In conclusion, the board sees no objection under Article 123(2) in respect of the amendment referred to under item (i) of point 5 supra.

7. As regards the objection under item (ii) of point 5 supra, it has to be observed that "unglycosylated" hG-CSF is not specifically claimed. Thus, the allowability of such a specific claim need not be considered because it is not part of the specification. The mere introduction of a dependent claim directed to "glycosylated" hG-CSF (claim 5) does not necessarily imply that the content of the application as filed has been extended to include specifically "unglycosylated" hG-CSF. The application as filed provides support, on the one hand, for a general claim, such as claim 1 at issue, directed to hG-CSF which does not refer to glycosylation as a specific feature (cf claims 1 and 2 as filed), and, on the other hand, for a claim, such as claim 5 at issue, specifically directed to glycosylated hG-CSF, this being explicitly disclosed (cf eg page 19, lines 28 to 30). For these reasons, no objection is seen by the board under Article 123(2) EPC.

Clarity (Article 84 EPC)

8. The appellants consider that claim 1 at issue (for non-AT States and for AT) does not clearly define the subject-matter for which protection is sought. Their view is that, due to the absence from the claim of (i) a reference to a reliable way of testing, (ii) concentration data, and (iii) an upper limit for the specific activity, the skilled person is left in doubt as to the real meaning of the claim.

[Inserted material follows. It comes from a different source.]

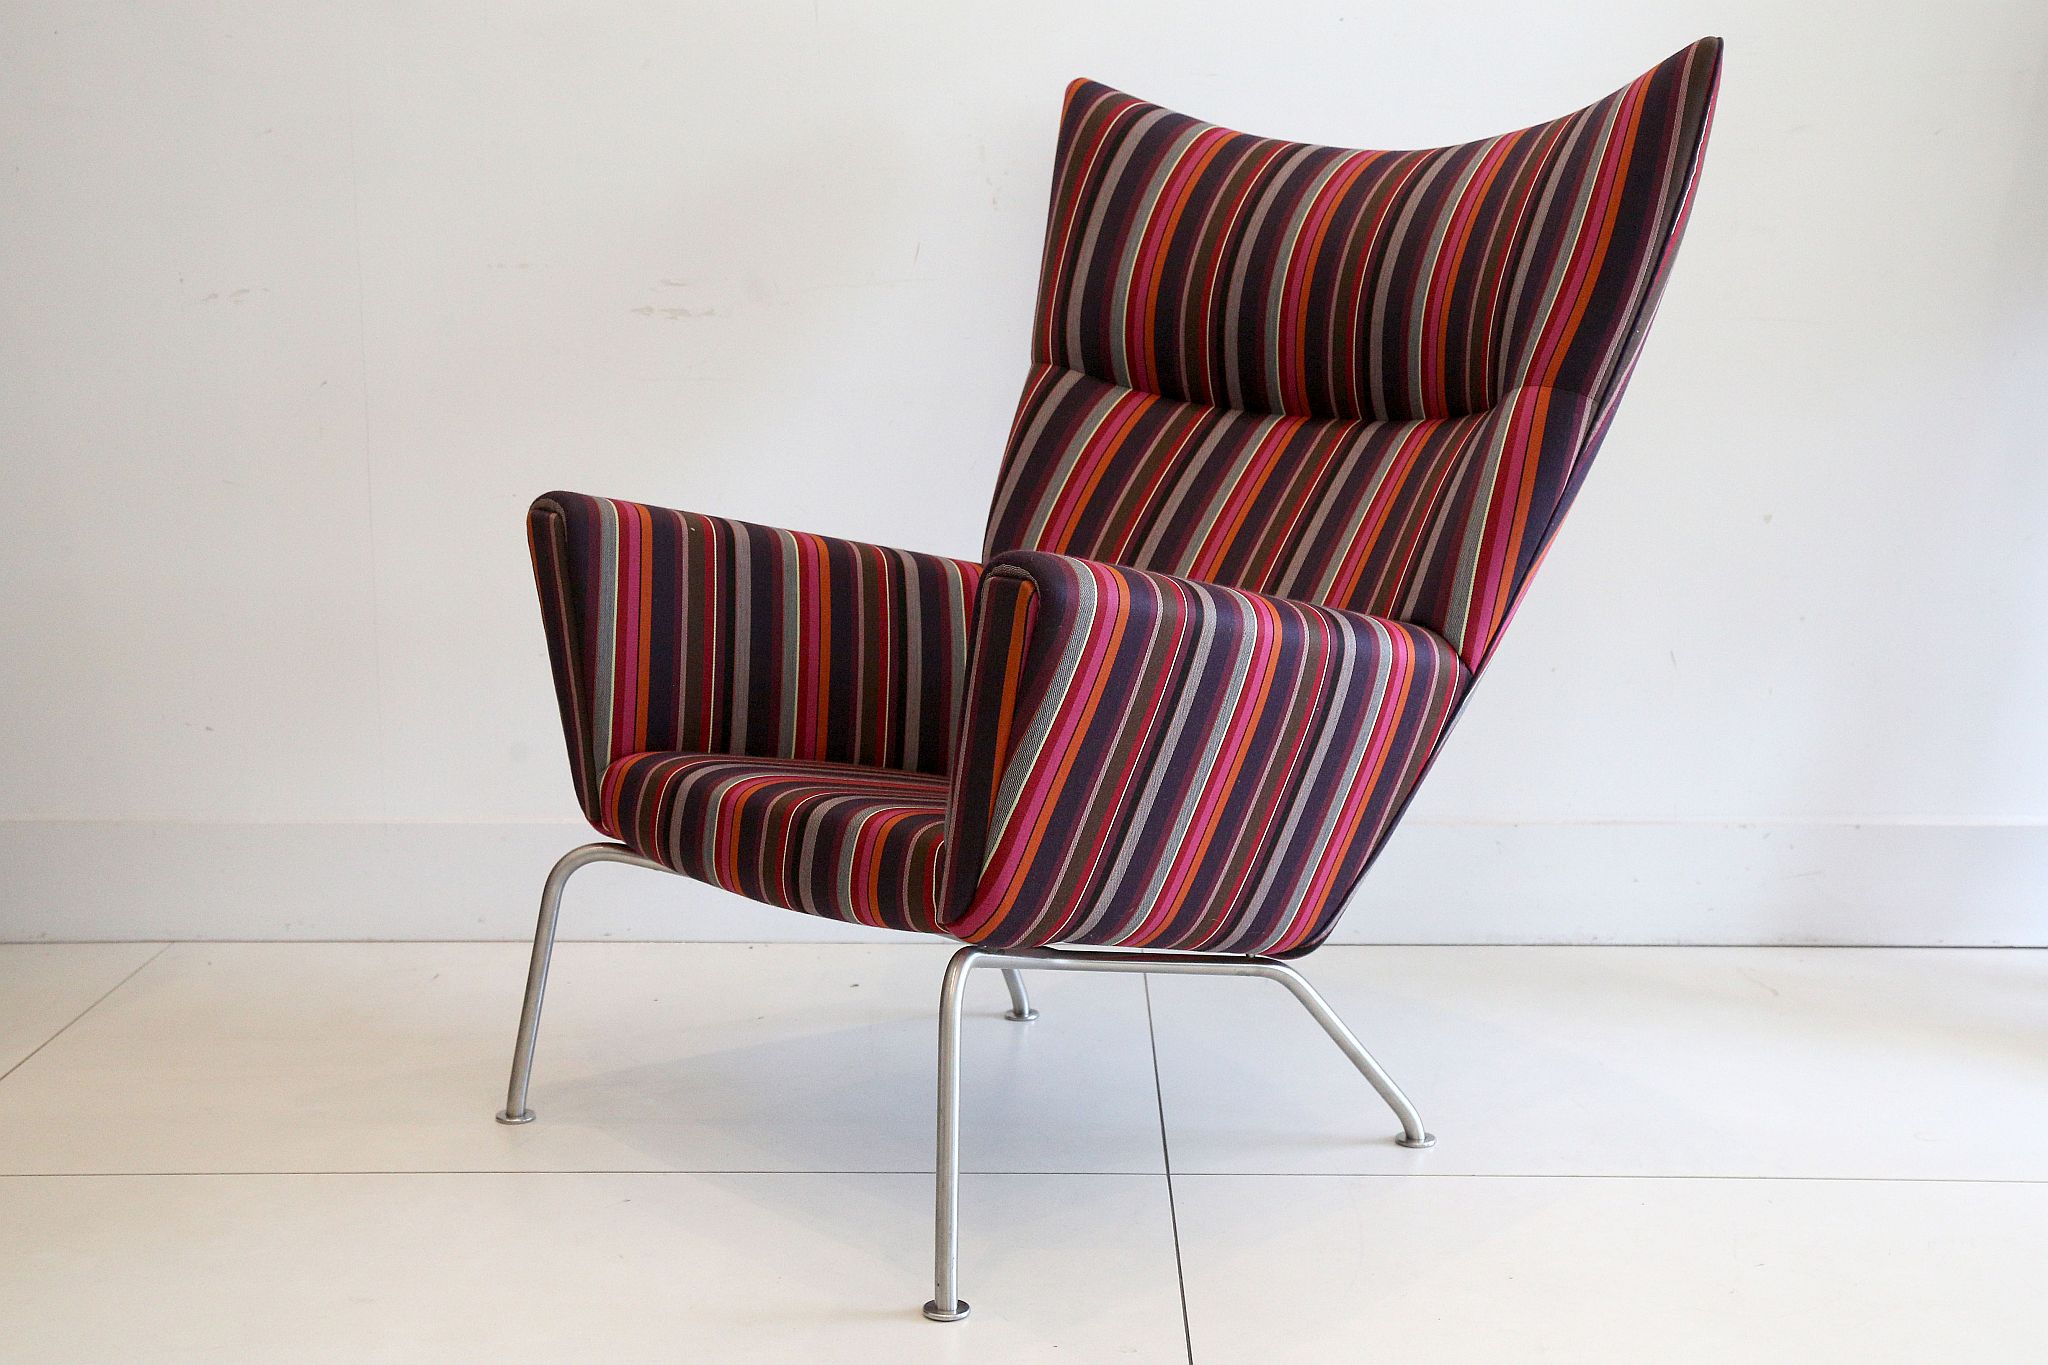 A CH447 WING CHAIR, DESIGNED BY HANS WEGNER, MANUFACTURED BY CARL HANSEN & SON, DENMARK, in Paul

The board does not share the appellants' concerns for the following reasons:

(a) Apart from stating a number of physicochemical features, claim 1 requires that the hG-CSF possess "the ability of promoting the differentiation and proliferation of human bone marrow cells to neutrophilic granulocytes but not to granulocyte-macrophages and not eosinophils in the human bone marrow cell assay at days 7, 10 and 14 of the incubation". This is a feature which can be tested according to methods known in the art. The patent specification provides the necessary details in this respect on page 5, lines 1 to 35 and in Example 6. Analogous determinations are described in the prior art (cf eg documents (1a), (2a), (8)) so that no particular difficulties, other than possibly the usual variability of biological assay systems, are seen by the board in performing them;

(b) As for the lack of a reference to a given concentration of the factor in the claim, the board considers that no such reference is needed. The skilled person knows from the art (eg document (8), see in particular the passage bridging pages 48 and 49) that an hG-CSF preparation typically stimulates in a selective manner neutrophilic granulocytes at all dilutions and that essentially no other colonies or a very low percentage of other colonies are found. Thus, the claim requirement is not unusual and, as in the prior art (cf documents (1a), (2a) and (8)), it can be routinely tested at serial dilutions of a sample. The fact that at higher concentrations of the factor additional stimulatory effects can possibly be observed (cf post-published document (70), page 47, last paragraph and Figure (1)) does not change this conclusion because it is the overall pattern of biological activity at the different dilutions which provides the skilled person with the information about the nature of the factor under determination.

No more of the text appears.